In a separate property state, the surviving spouse may get a 0%; 50% or 100% mark up in basis. States with separate property rules acknowledge individual and joint ownership. Due to that, if/how much an asset would be marked up at death depends on how the assets are owned/held:

  • Asset was owned by deceased spouse individually: 100% mark up in basis

  • Asset was owned by deceased spouse jointly: 50% mark up in basis

  • Asset was owned by surviving spouse individually: 0% mark up in basis

A Tax Planning Strategy Exists for Individuals Living in Separate Property States

If a married couple living in a separate property state has highly appreciated assets, and one of the individuals is expected to pass away prior to the other -> proactive financial planning could help the surviving spouse save/avoid a significant tax bill.

  • As noted above, in a separate property state, depending on how the assets are owned, the tax basis could be marked up 0%, 50%, or 100% upon death (depending how assets are owned).

  • Married couples generally have an unlimited amount that they can "gift" to one another.

  • If one individual is anticipated to pass away prior to the other, strategically "gifting" all the highly appreciated assets to that individual would allow the surviving spouse to receive a 100% markup in basis.

Key Benefits

  • Reduce/eliminate future capital gains taxes. By gifting/transferring assets that have appreciated significantly to the spouse anticipated to die first, the future capital gains tax that would be owed upon selling these assets can be eliminated for the surviving spouse (via the step-up in basis that occurs upon death).

Key Considerations/Flags

  • Advance planning is required. To take full advantage of this strategy, the transfer of assets must be completed well before the spouse's death. Rushing this process can lead to errors and potential tax complications.

  • Spouse receiving "gifted" assets must own them for at least 1 year. The IRS has a rule that says gifted assets must by held by the recipient at least one year for step-up in basis rules to apply.

  • Loss of control of "gifted" assets. Gifting is a one-way door, and cannot be undone. The spouse who receives gifted assets needs to leave those assets to their spouse for this strategy to work as intended. But they have no obligation to do so.

Strategy: When to Consider This and When to Avoid It

🟢 When to Consider This Strategy:

  • This strategy typically comes into play when a spouse receives a terminal diagnosis. By transferring the assets in advance, the surviving spouse can benefit from the step-up in basis upon the other's death, potentially eliminating a significant tax liability.
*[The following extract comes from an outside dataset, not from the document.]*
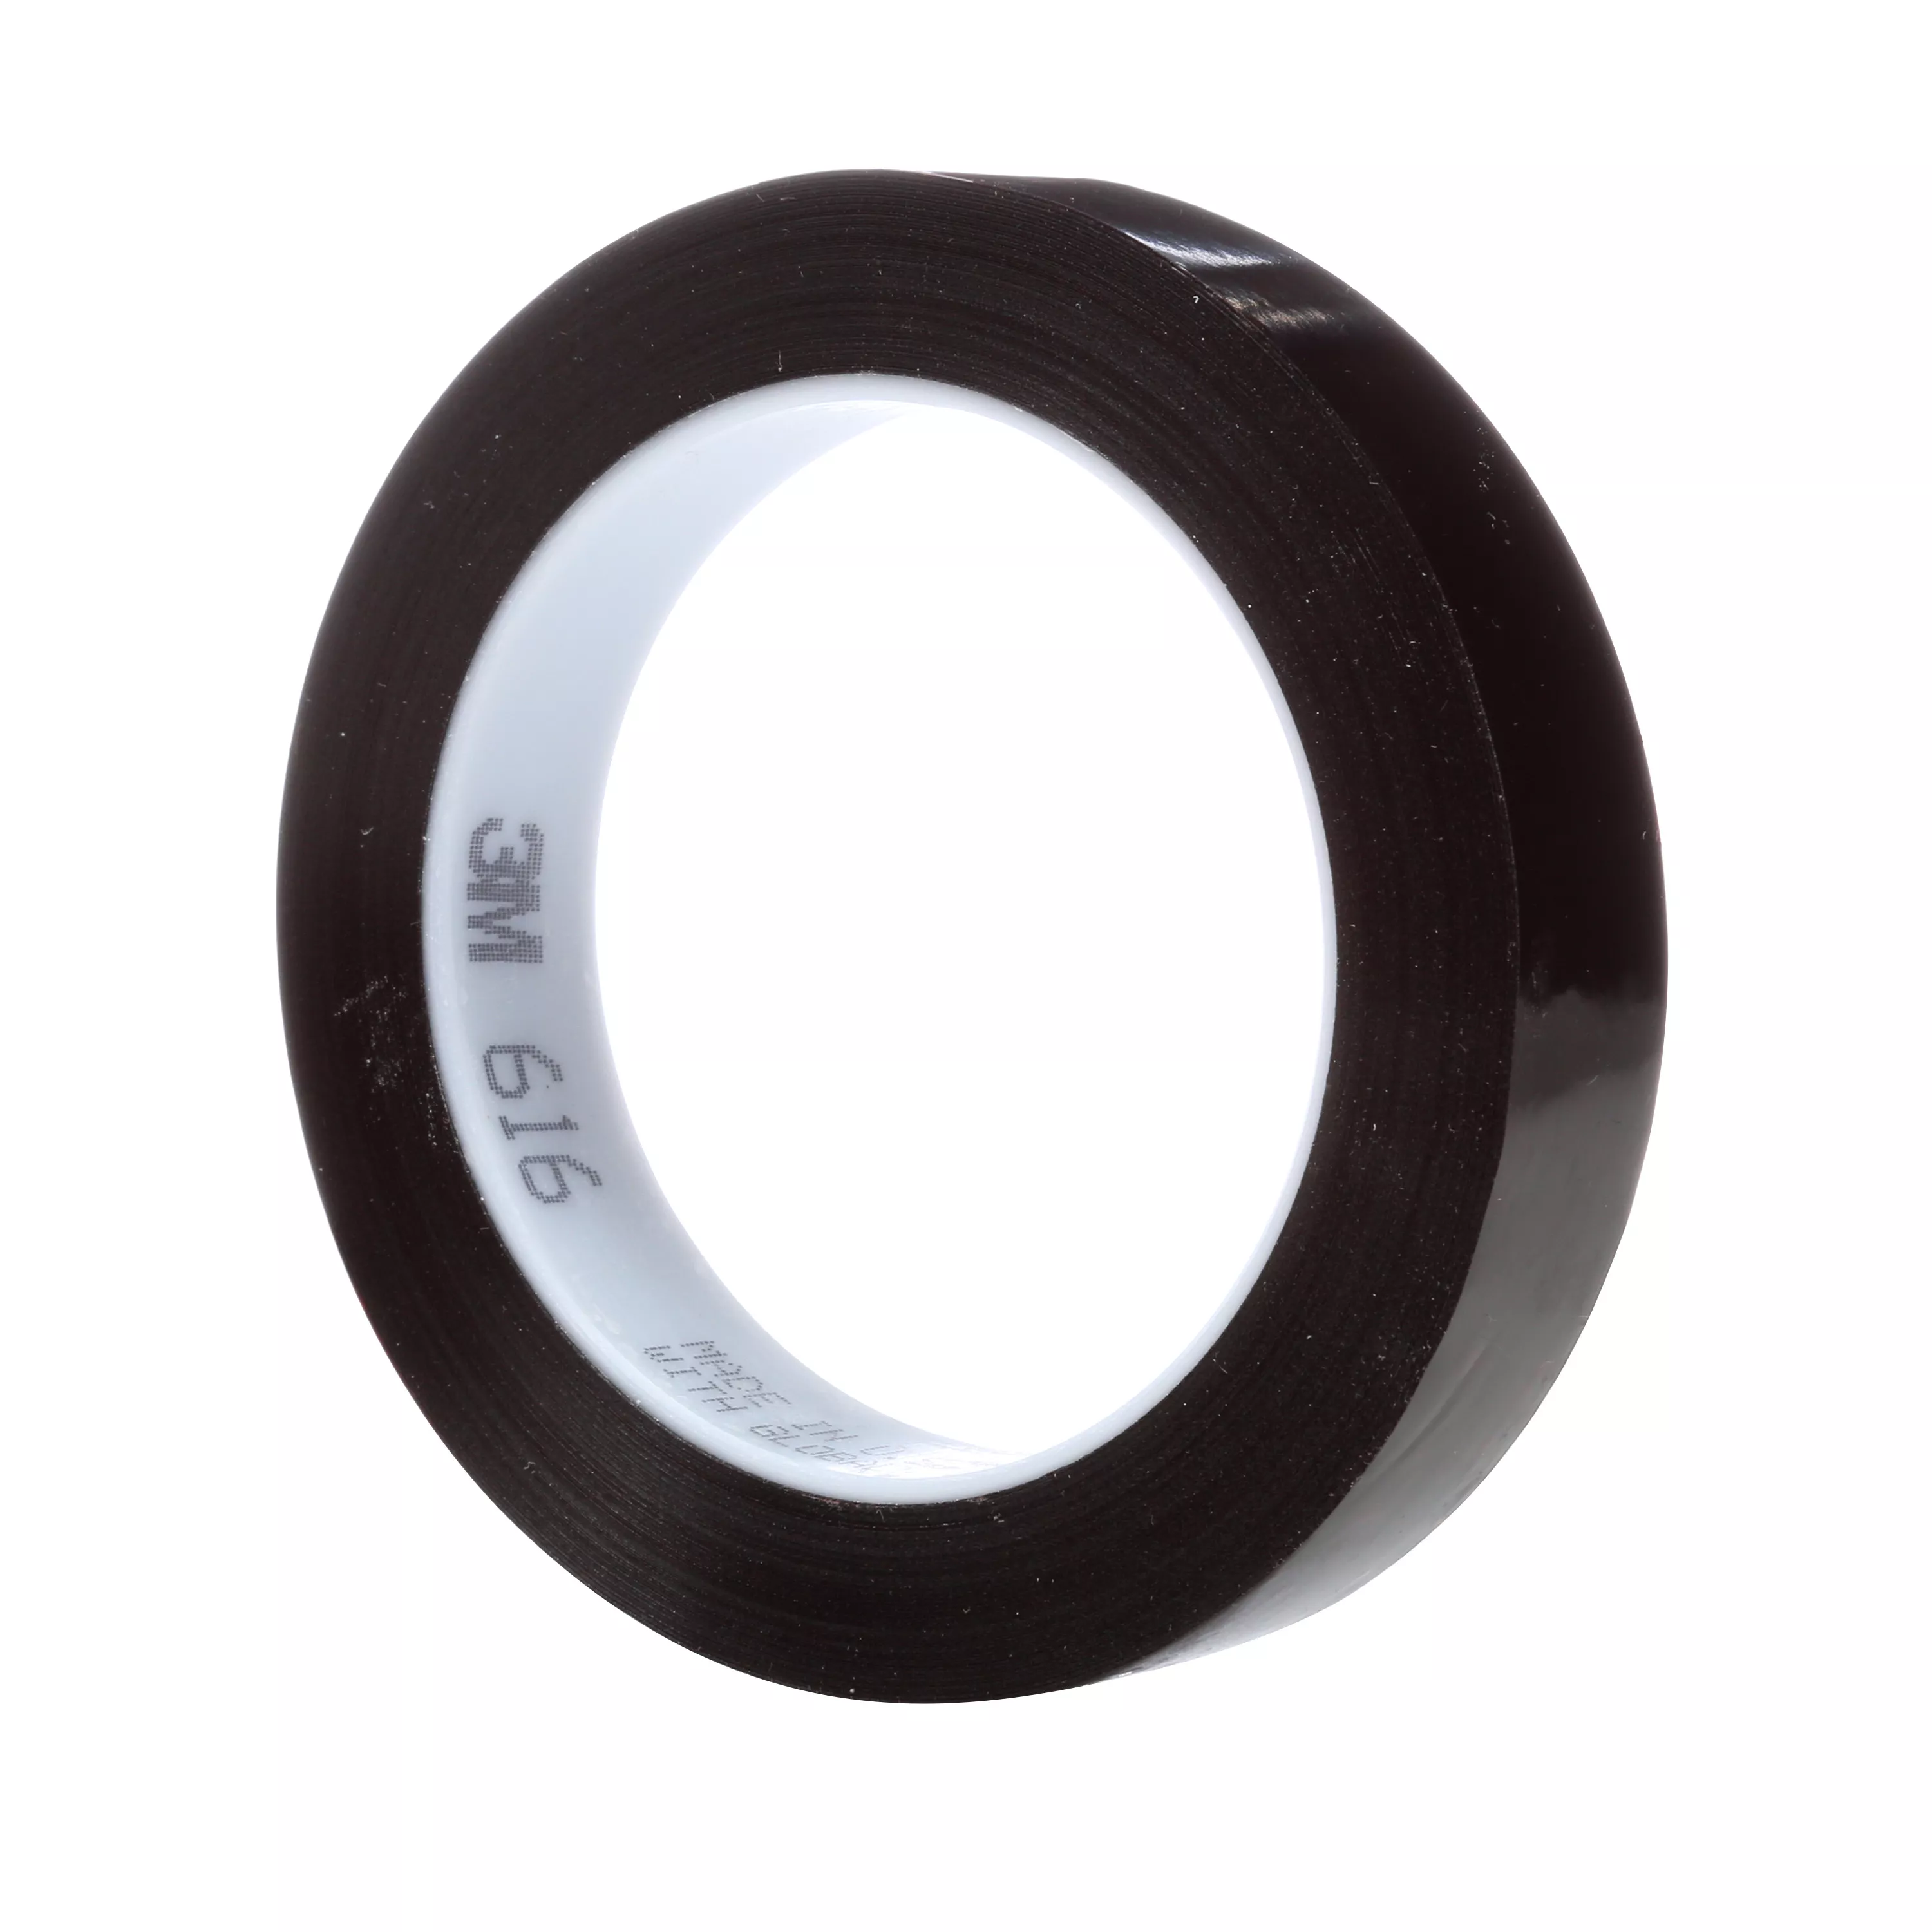 Product Number 616 | 3M™ Lithographers Tape 616

  • If you're actively seeking ways to make your estate transfer more tax-efficient, this strategy could be an effective part of your plan. By eliminating the capital gains tax on appreciated assets, a potentially heavy tax burden can be avoided.

🔴 When to Not Use This Strategy:

  • If there's no anticipation of an unexpected death, this strategy may not be beneficial. The timing of the asset transfer is crucial to utilizing the step-up in basis effectively.

  • If your estate isn't burdened with significant capital gains taxes or if you don't own highly appreciated assets, other estate planning strategies might be more suitable.

  • If you're not comfortable with the loss of control that would come with implementing this gifting strategy.